In the latest report in March, it was noted that assaults on staff were up 30 per cent along with a general rise in violence. This lead to the inspectorate writing a letter to the secretary of state.

However, the inspectors added that they had “some confidence in the plans proposed by an enthusiastic new senior management team”.

Mr Blakeman, who has previously worked at HMP Bullingdon and HMP Bedford, said: “When I started staff morale was very low. The staff were not in a good place. My aim was to boost them as much as possible. If you have happy staff they treat prisoners in a better way. It was a very conscious decision to empower senior staff.”

Over the years, inspectors have also noted the high level of drug use.

The Tribune previously reported on the way some criminals were cutting holes in the net surrounding the prison and using drones to fly drugs in over the walls.

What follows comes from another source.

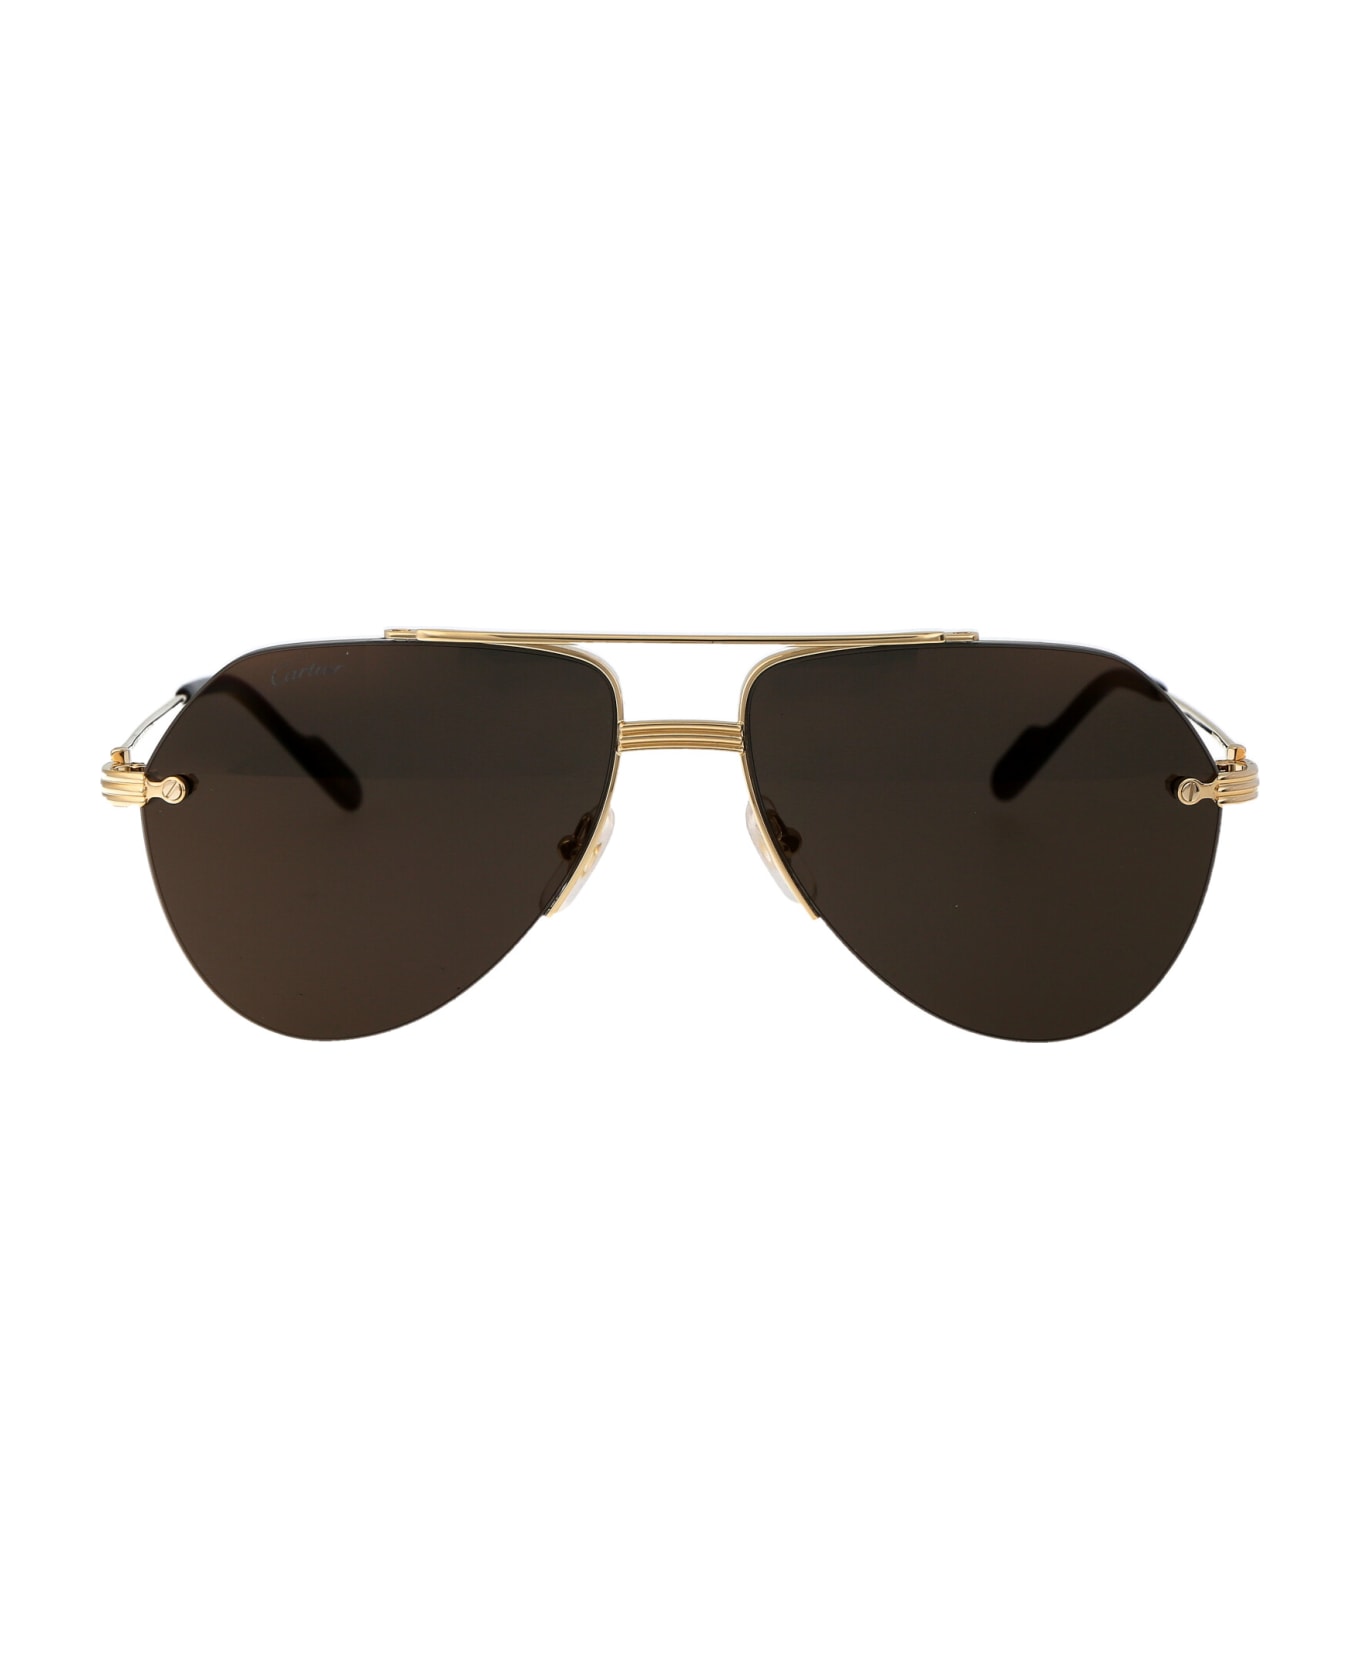 Cartier Eyewear Ct0427s Sunglasses - 005 GOLD GOLD GREY サングラス
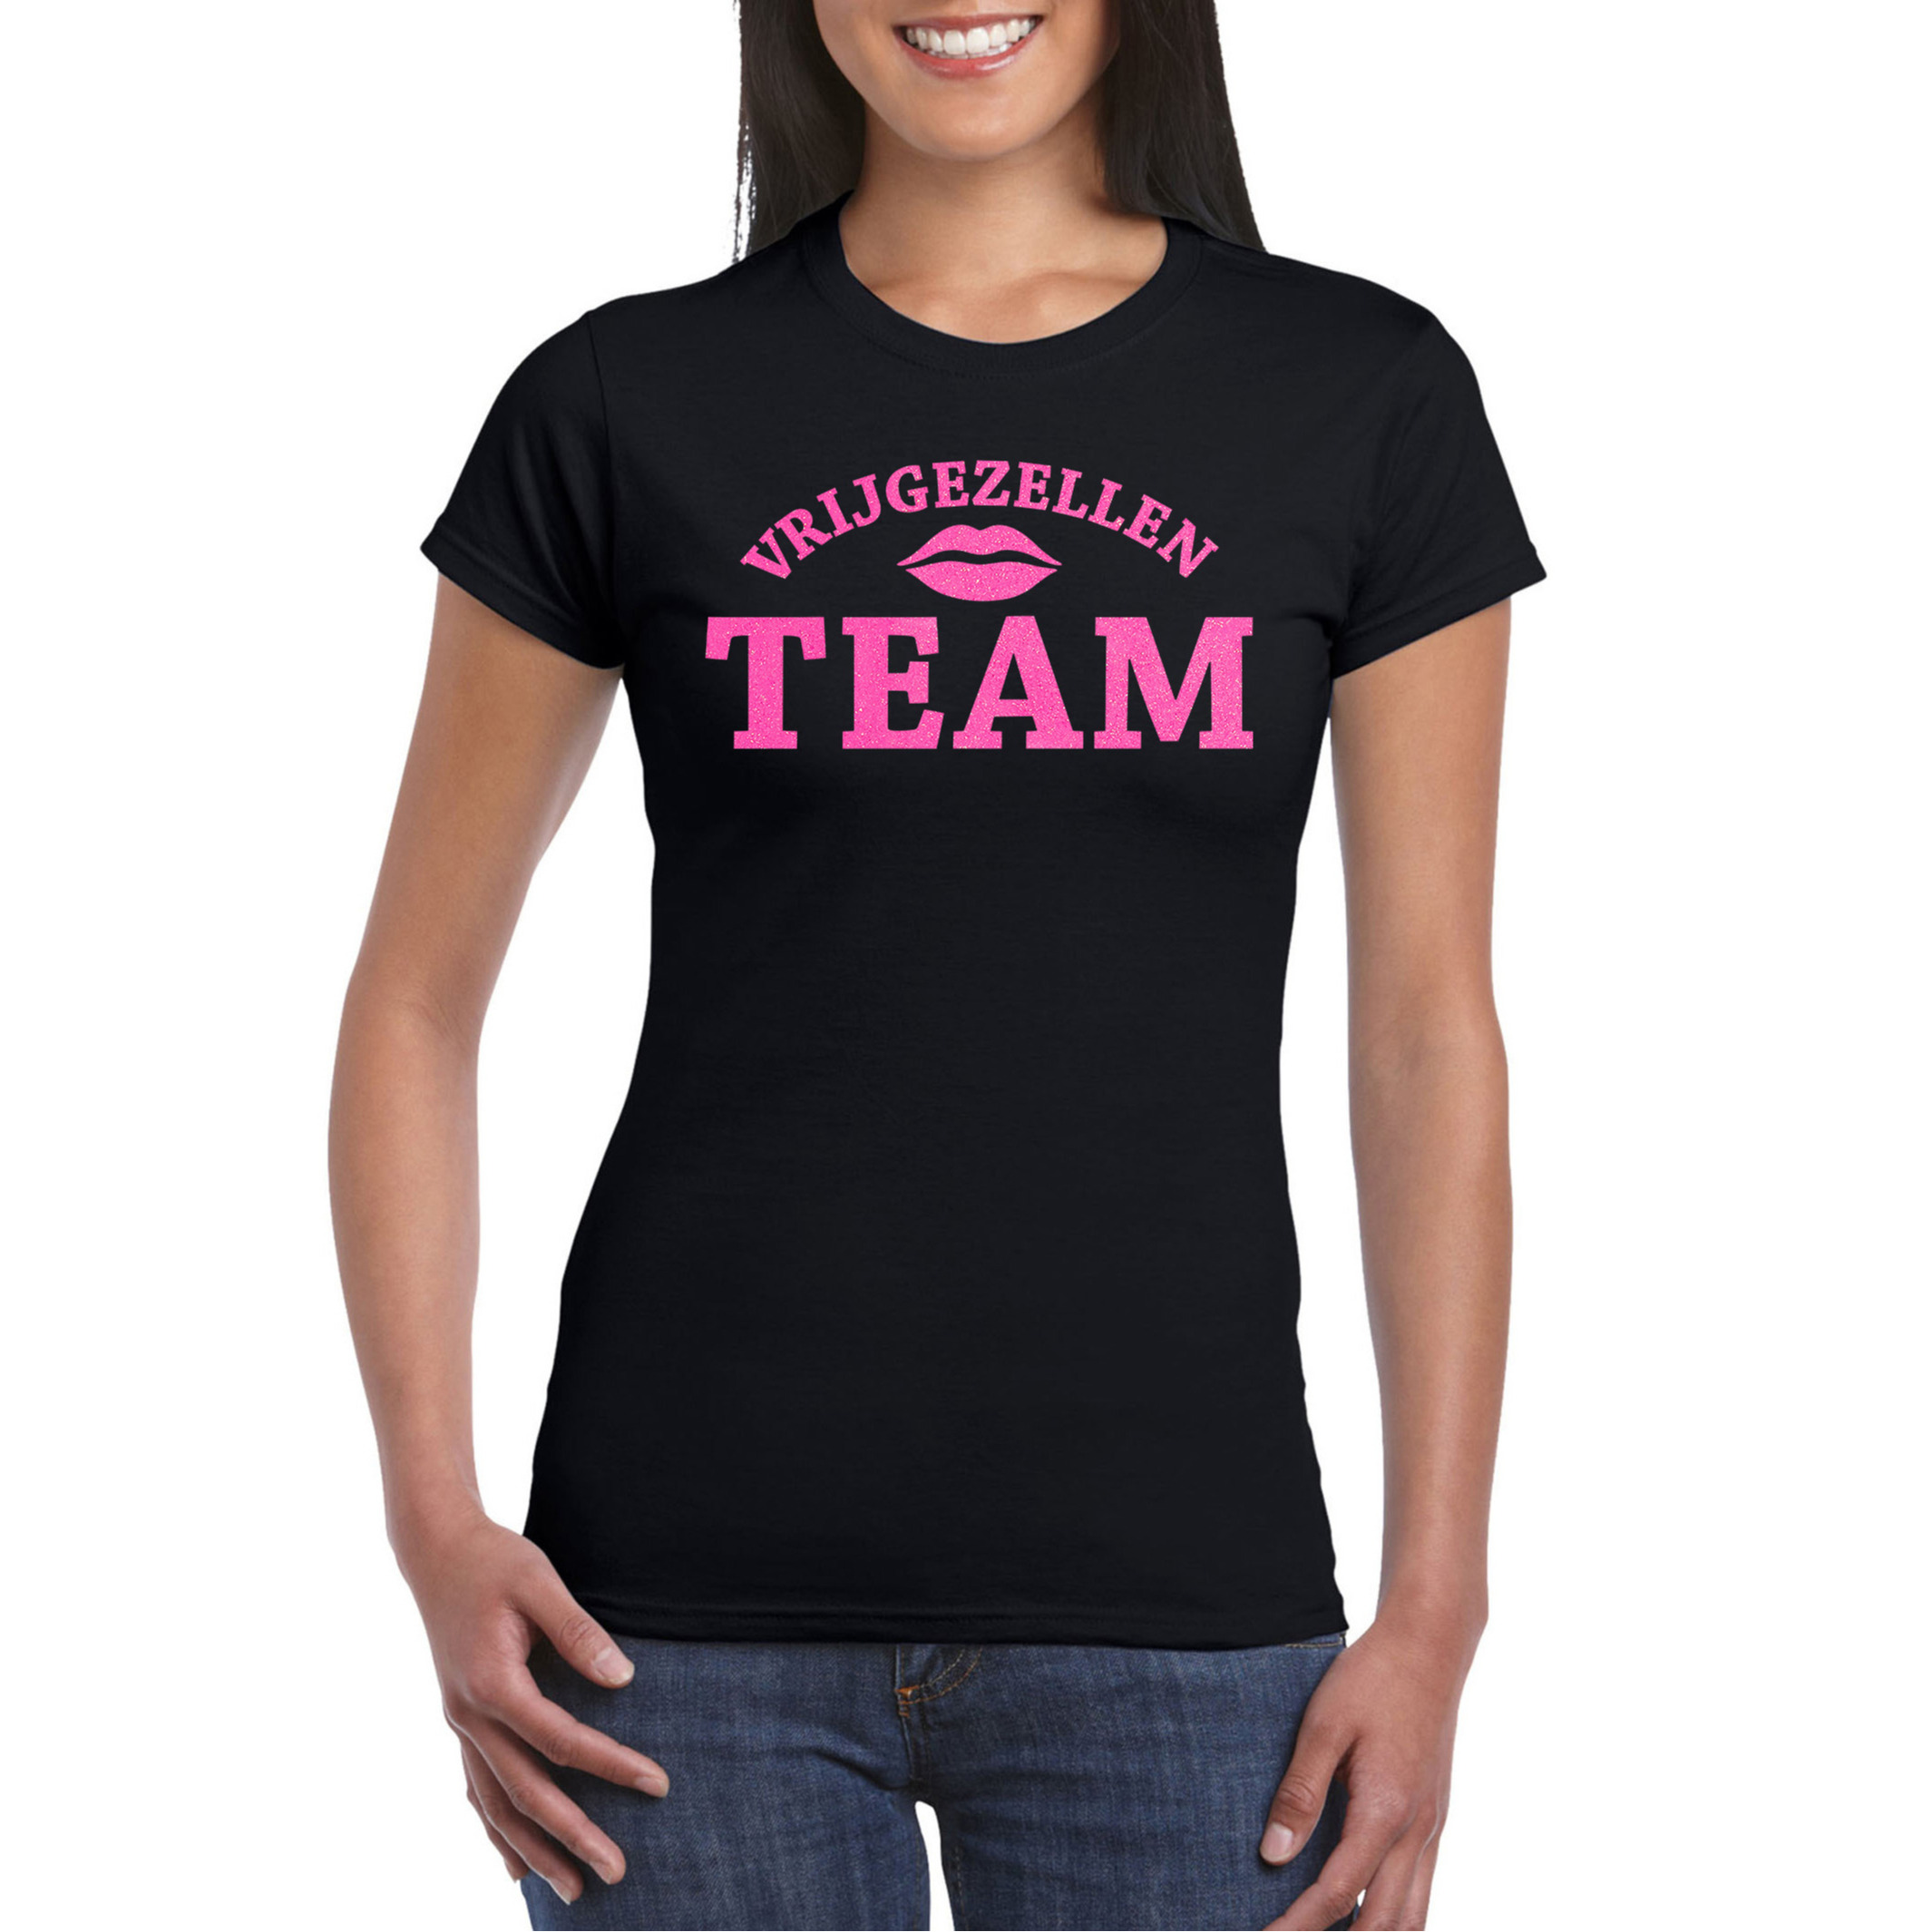 Vrijgezellenfeest T-shirt voor dames zwart roze glitter bruiloft-trouwen groep-team

This year, the Ministry of Justice installed new X-ray body scanners at entrances to the jail in a bid to crackdown on contraband smuggling.

Mr Blakeman said: “The body scanner has been brilliant. We can target prisoners newly arriving into the prison. That has stopped a certain amount of drugs and funds being smuggled into the prison.

“The staff have taken me through packages we have found and it is incredible, it’s clear as day.”

However, he added: “We have people throwing stuff over the perimeter which we intercept on quite a regular basis.”